To do: Line by line, set down all the data below exactly, omitting any picture.
=== Collected material ===
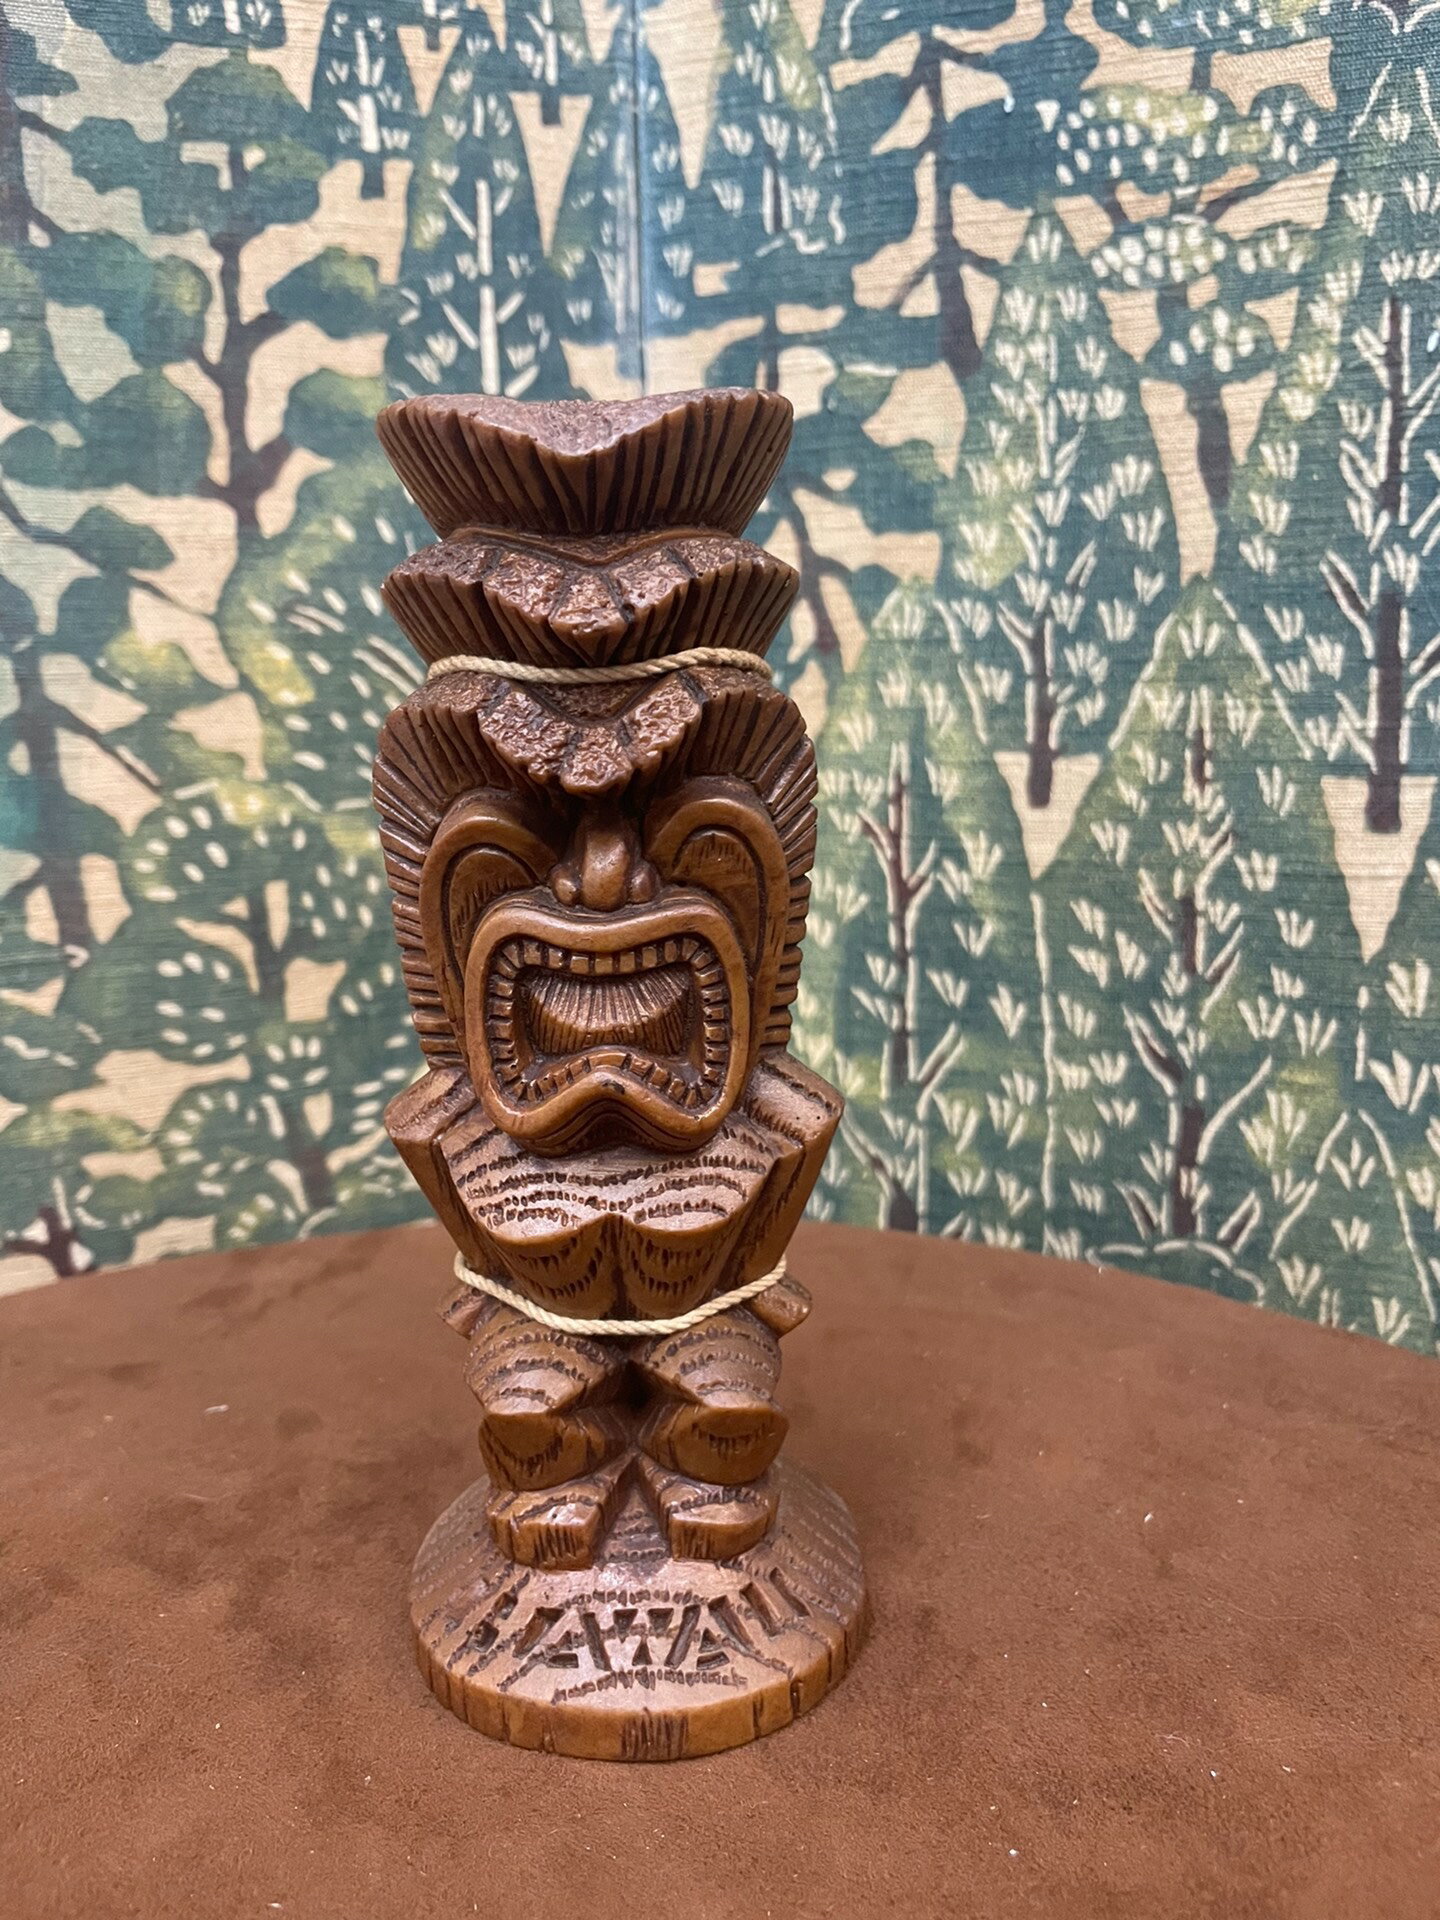 夏威夷中古圖騰高密樹脂置物擺飾1539
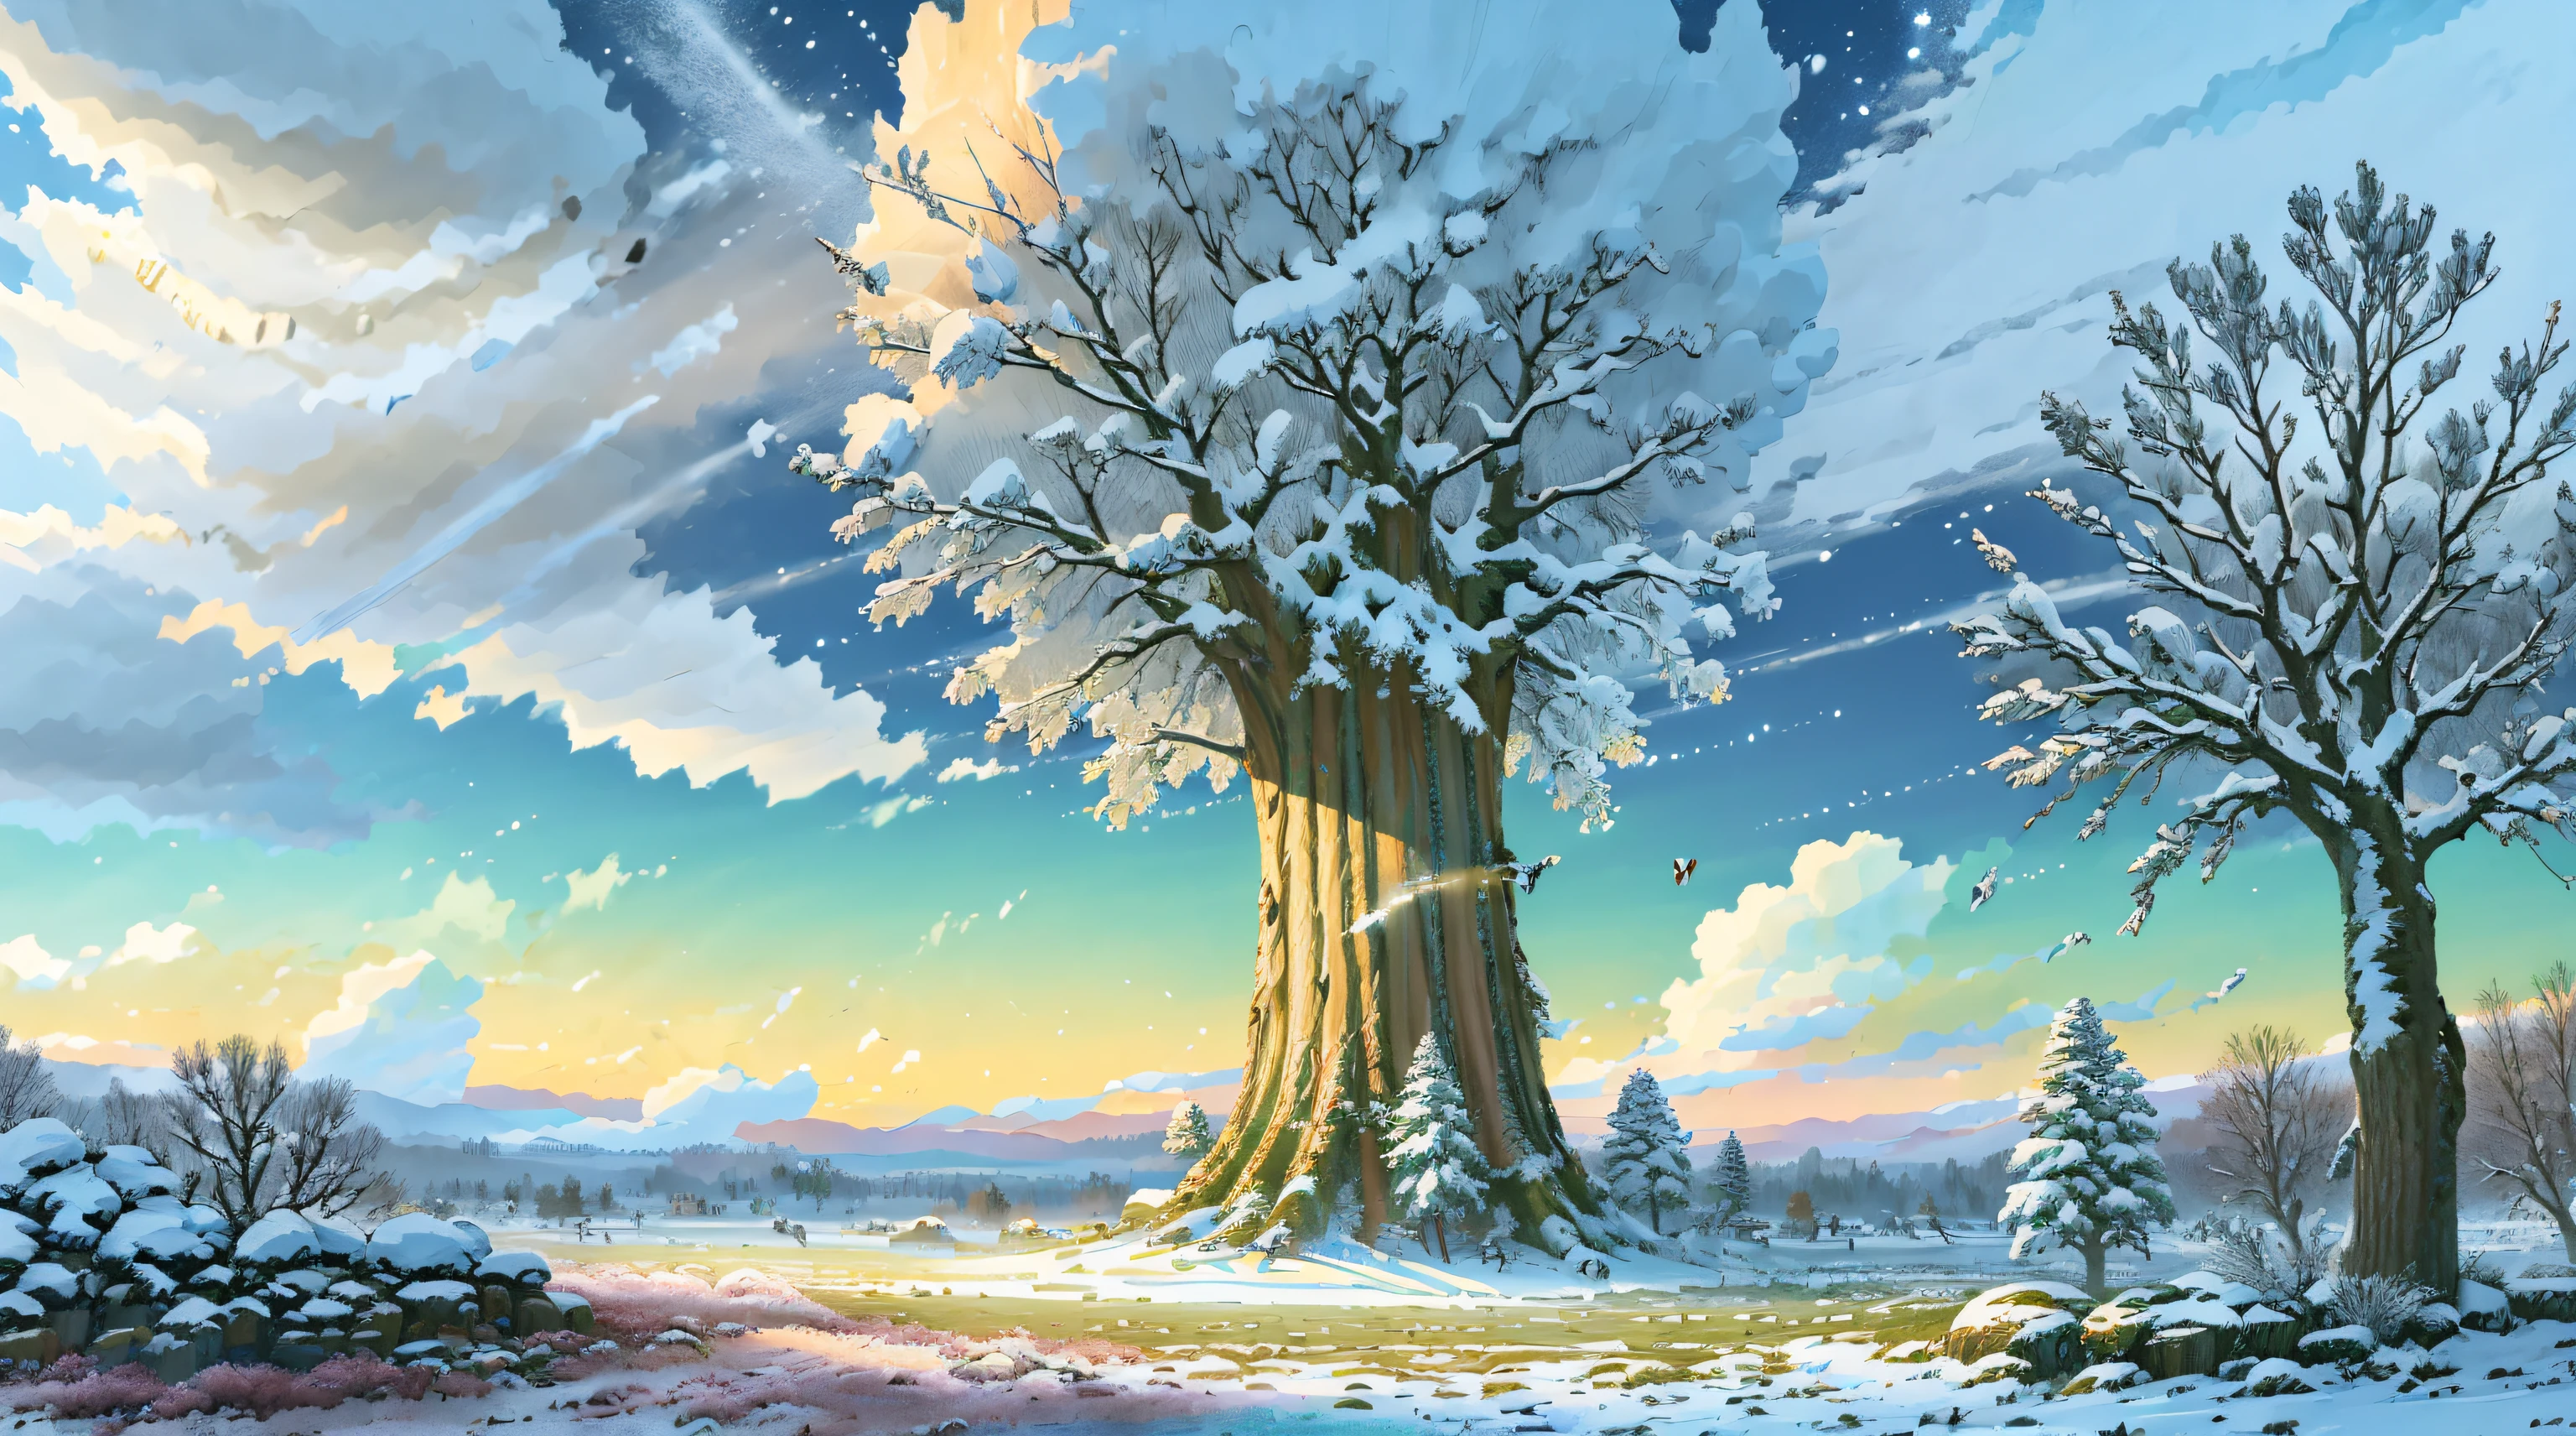 สว่าง, (((สไตล์การ์ตูน))), fantastic giant oak tree in a ฤดูหนาว meadow in the center of the image , (วันที่มีแสงแดดในฤดูหนาว), ภาพประกอบสำหรับเด็ก, ศิลปะแฟนตาซี, ผลงานชิ้นเอก, พายุหิมะในพื้นหลัง, ฤดูหนาว, หิมะตก, รายละเอียด, ซับซ้อน, 4เค, ศิลปะ
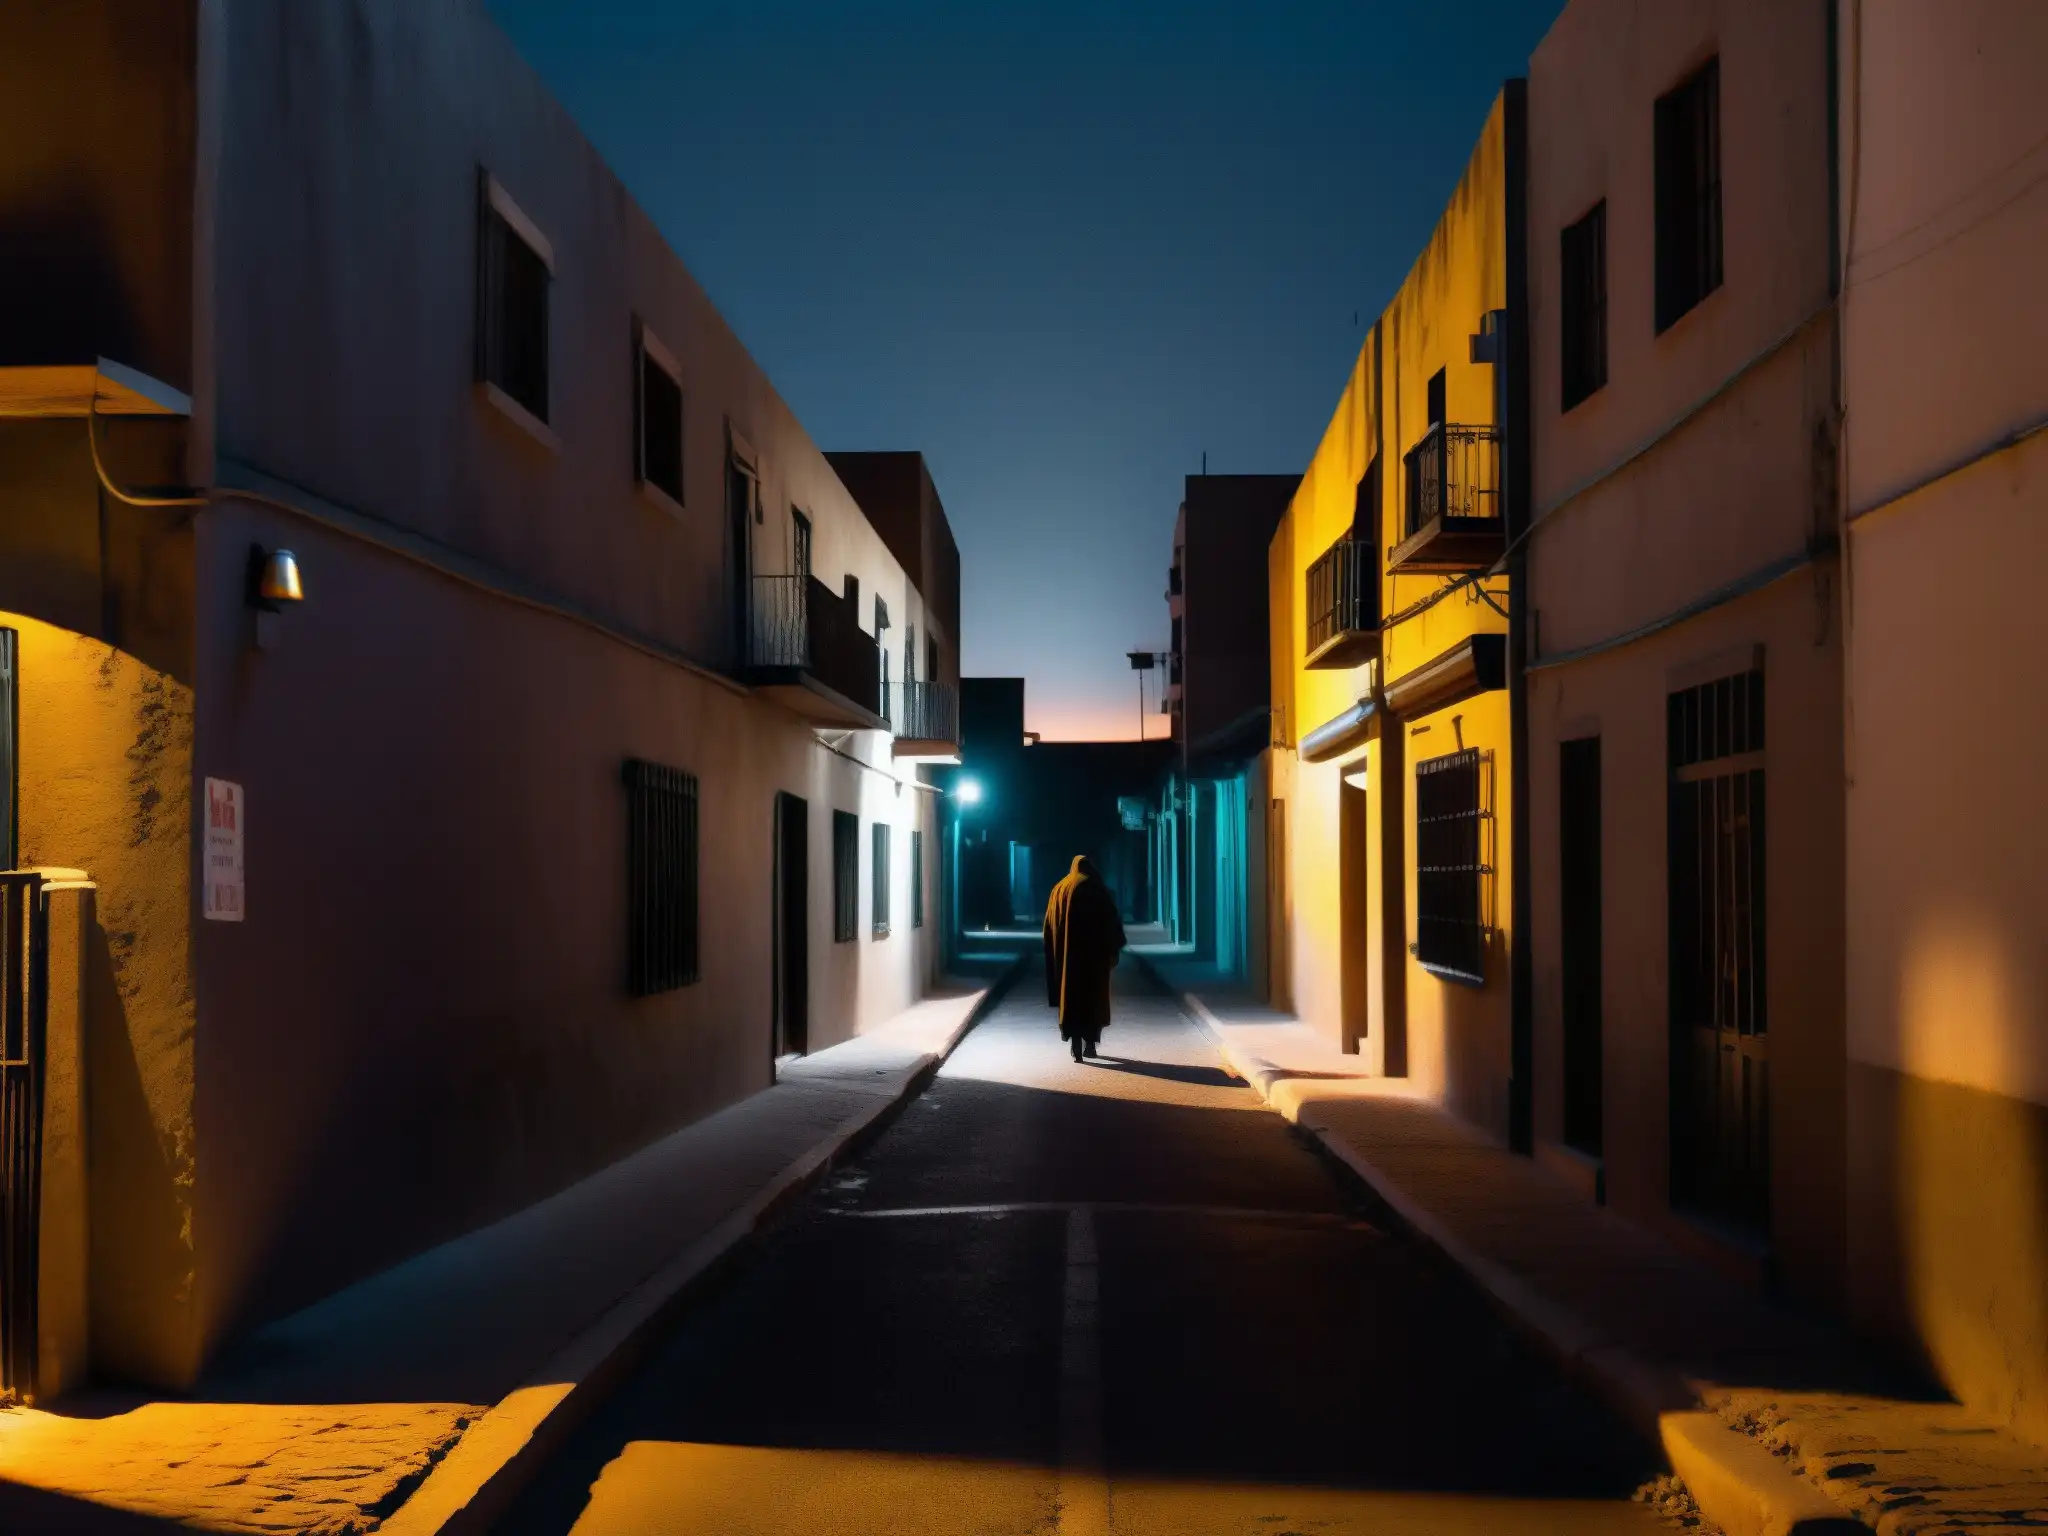 En la oscuridad de un callejón mexicano, un solitario figura se oculta entre sombras
===
Result of this exercise:
 夏威夷中古圖騰高密樹脂置物擺飾1539
 สว่าง, (((สไตล์การ์ตูน))), fantastic giant oak tree in a ฤดูหนาว meadow in the center of the image , (วันที่มีแสงแดดในฤดูหนาว), ภาพประกอบสำหรับเด็ก, ศิลปะแฟนตาซี, ผลงานชิ้นเอก, พายุหิมะในพื้นหลัง, ฤดูหนาว, หิมะตก, รายละเอียด, ซับซ้อน, 4เค, ศิลปะ
 En la oscuridad de un callejón mexicano, un solitario figura se oculta entre sombras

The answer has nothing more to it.